Problem details: Copy out the full data exactly as given; pictures should not be included.

Dataset records:
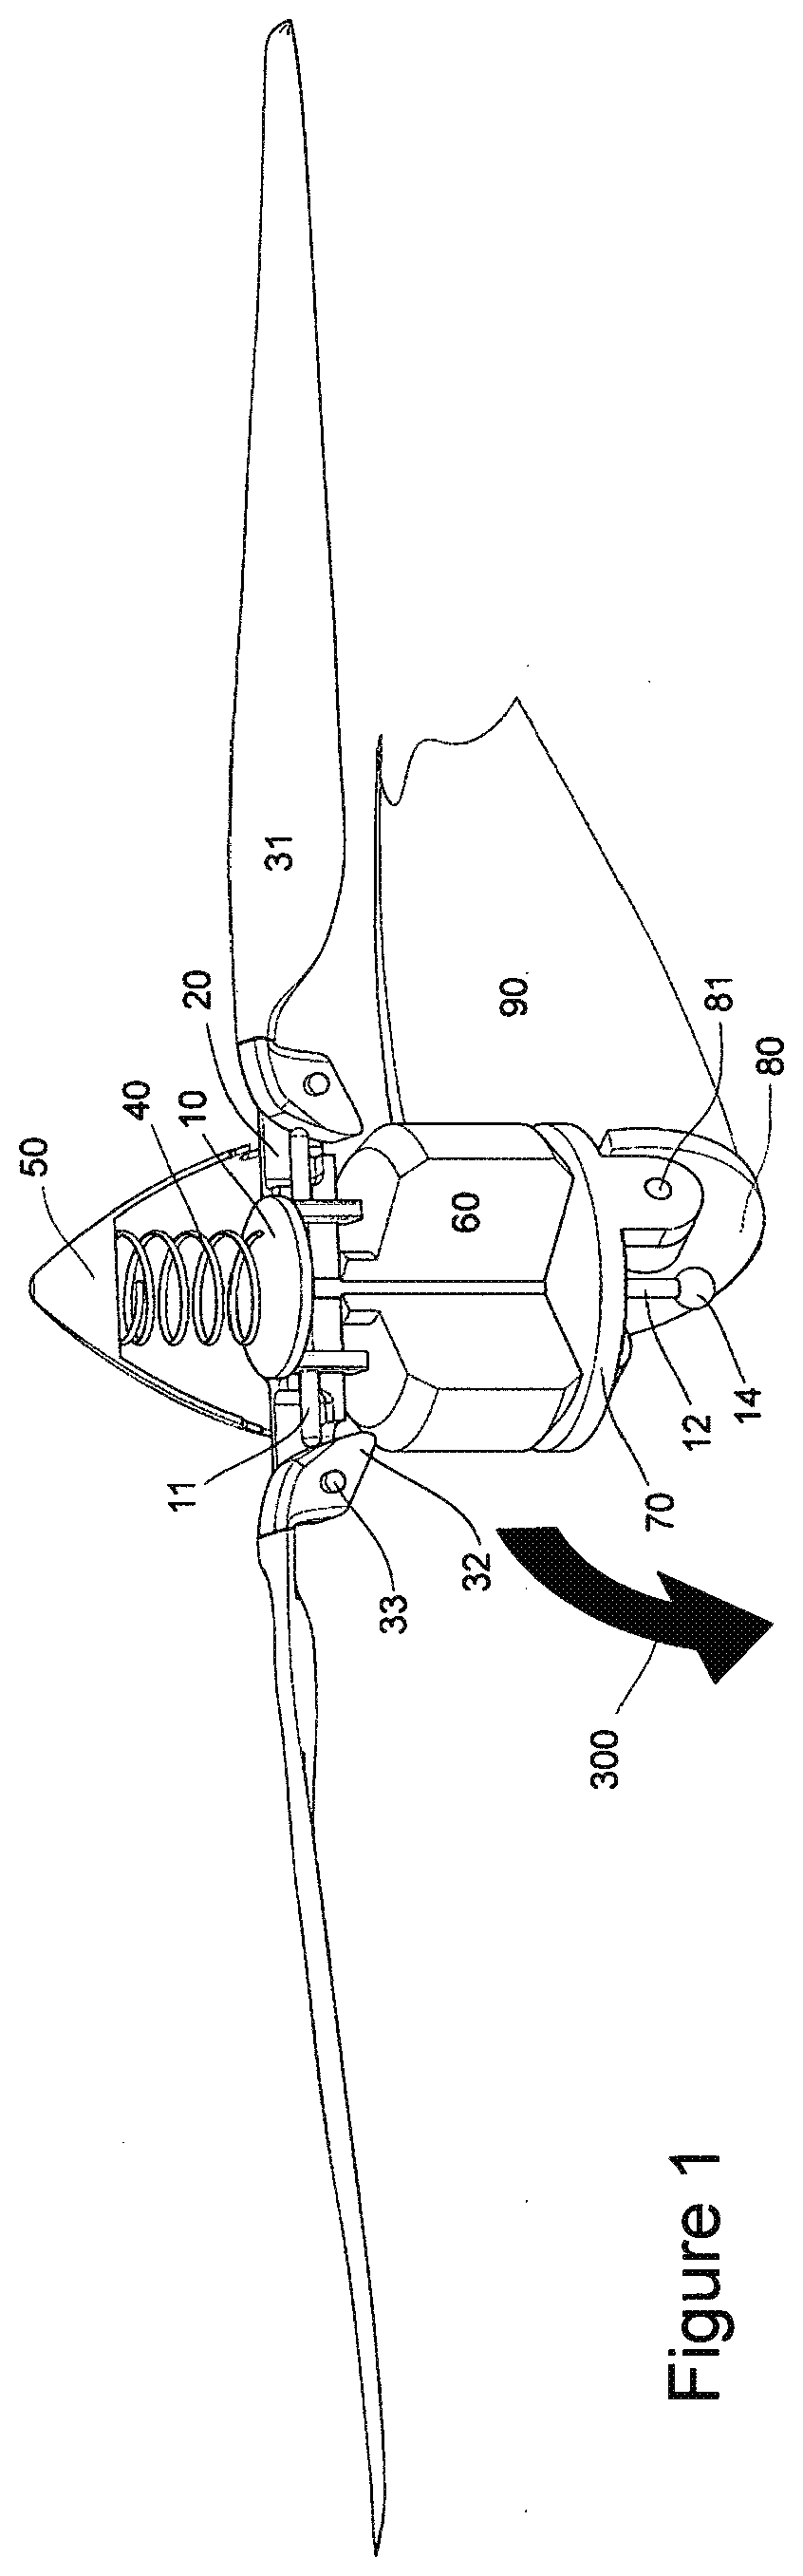 Propeller-Hub Assembly With Folding Blades For VTOL Aircraft
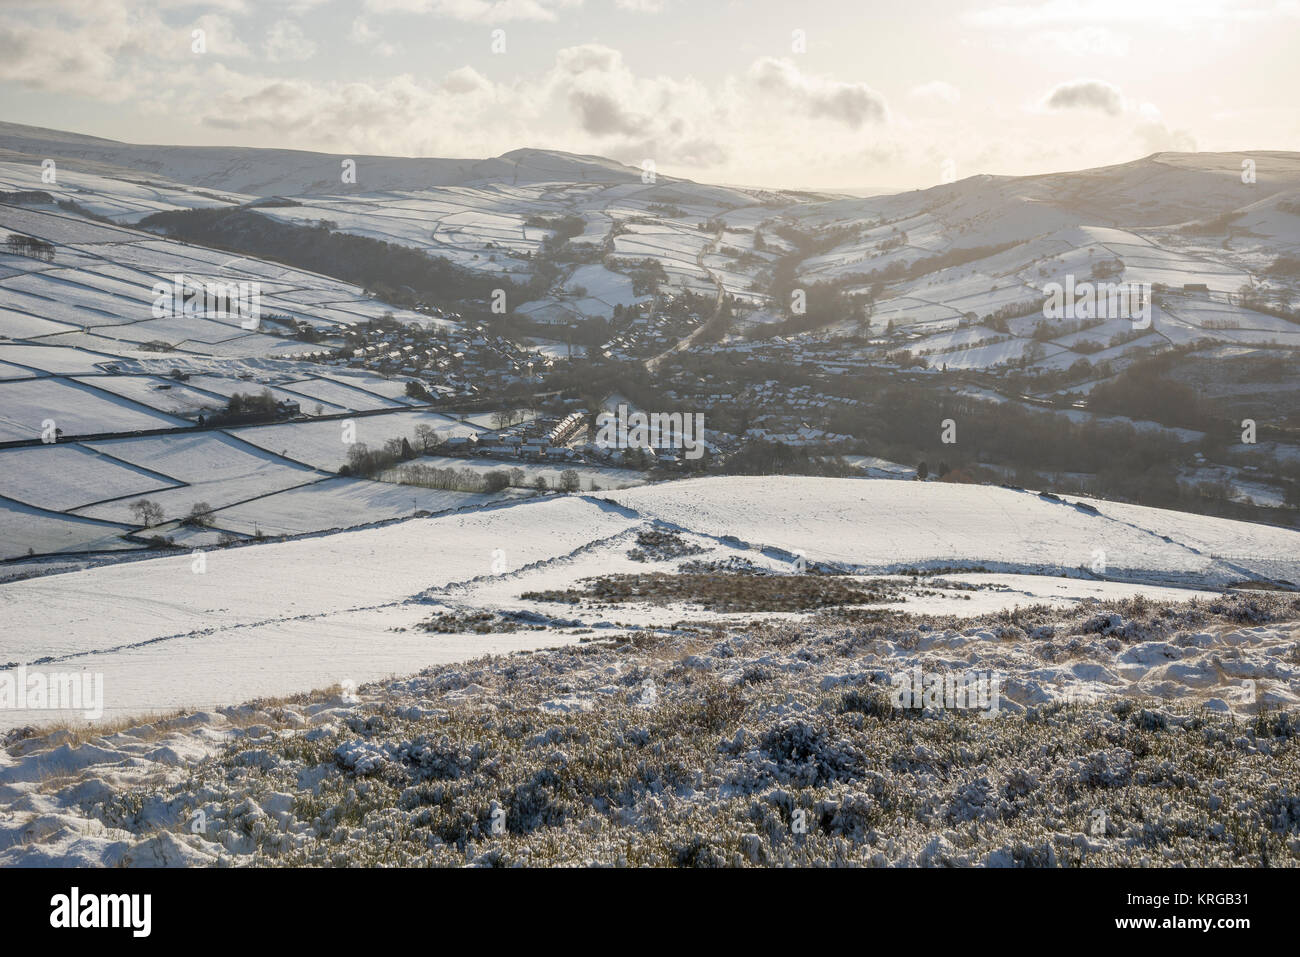 The village of Hayfield on a beautiful snowy winter morning, Derbyshire, England. Stock Photo
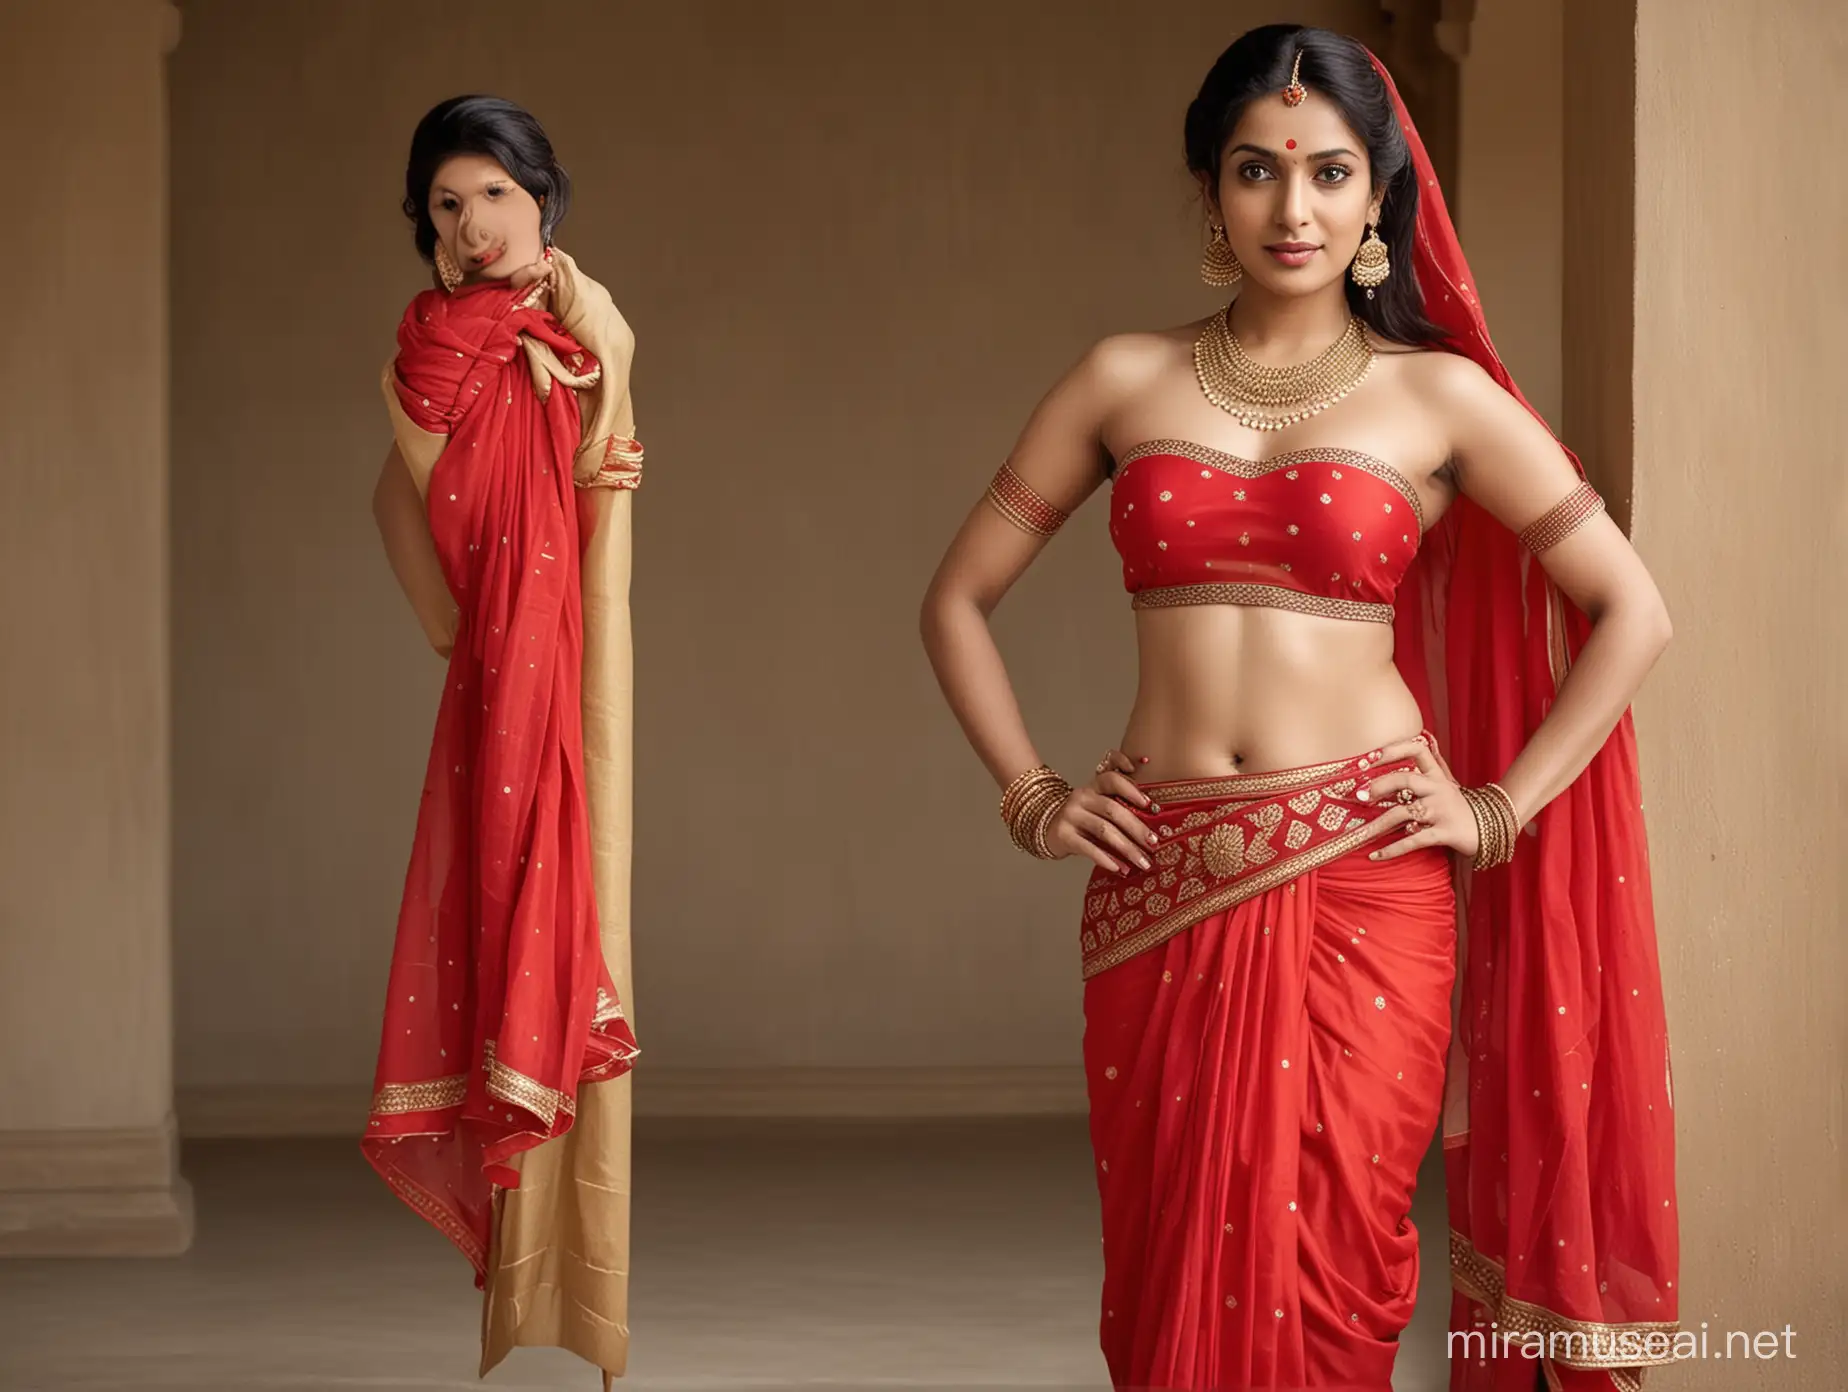 generate an image of Gayatri Bharadwaj wearing traditional bandeau red lingerie and red Indian Sheer dhoti, with appropriate accessories such as bangles and a bindi, while maintaining her recognizable features and elegance.
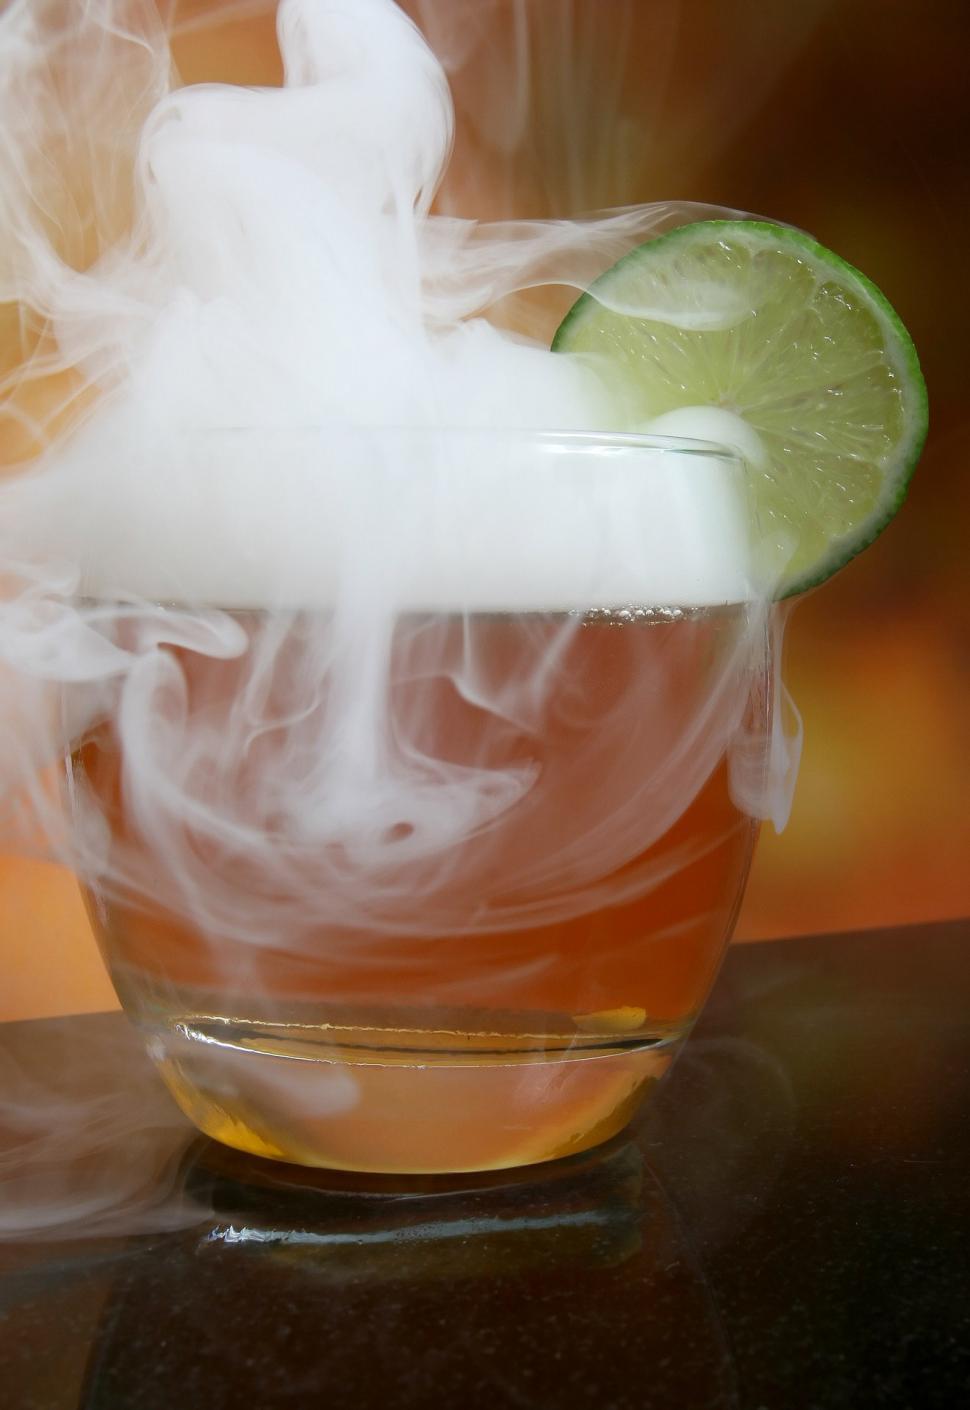 Free Image of Refreshing Cup of Lime-Infused Liquid 
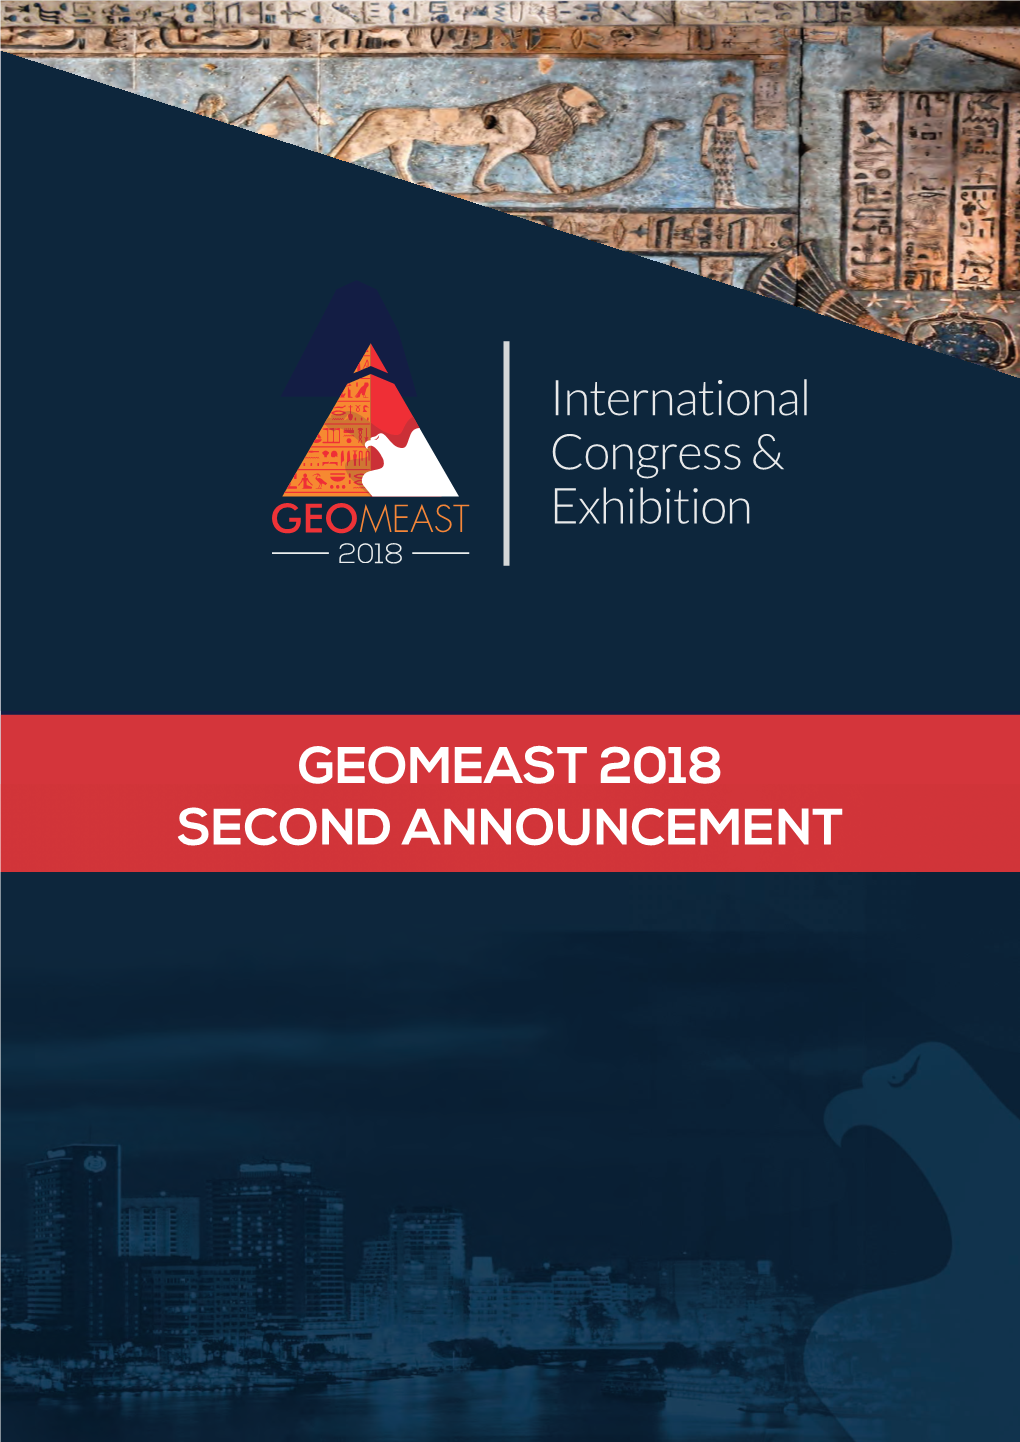 GEOMEAST 2018 SECOND ANNOUNCEMENT “Think of It, Soldiers; from the Summit of These Pyramids, Forty Centuries Look Down Upon You” - Napoleon Bonaparte WELCOME MESSAGE

Answer area:
 Propeller-Hub Assembly With Folding Blades For VTOL Aircraft
 The village of Hayfield on a beautiful snowy winter morning, Derbyshire, England. Stock Photo
 generate an image of Gayatri Bharadwaj wearing traditional bandeau red lingerie and red Indian Sheer dhoti, with appropriate accessories such as bangles and a bindi, while maintaining her recognizable features and elegance.
 Free Image of Refreshing Cup of Lime-Infused Liquid 
 GEOMEAST 2018 SECOND ANNOUNCEMENT “Think of It, Soldiers; from the Summit of These Pyramids, Forty Centuries Look Down Upon You” - Napoleon Bonaparte WELCOME MESSAGE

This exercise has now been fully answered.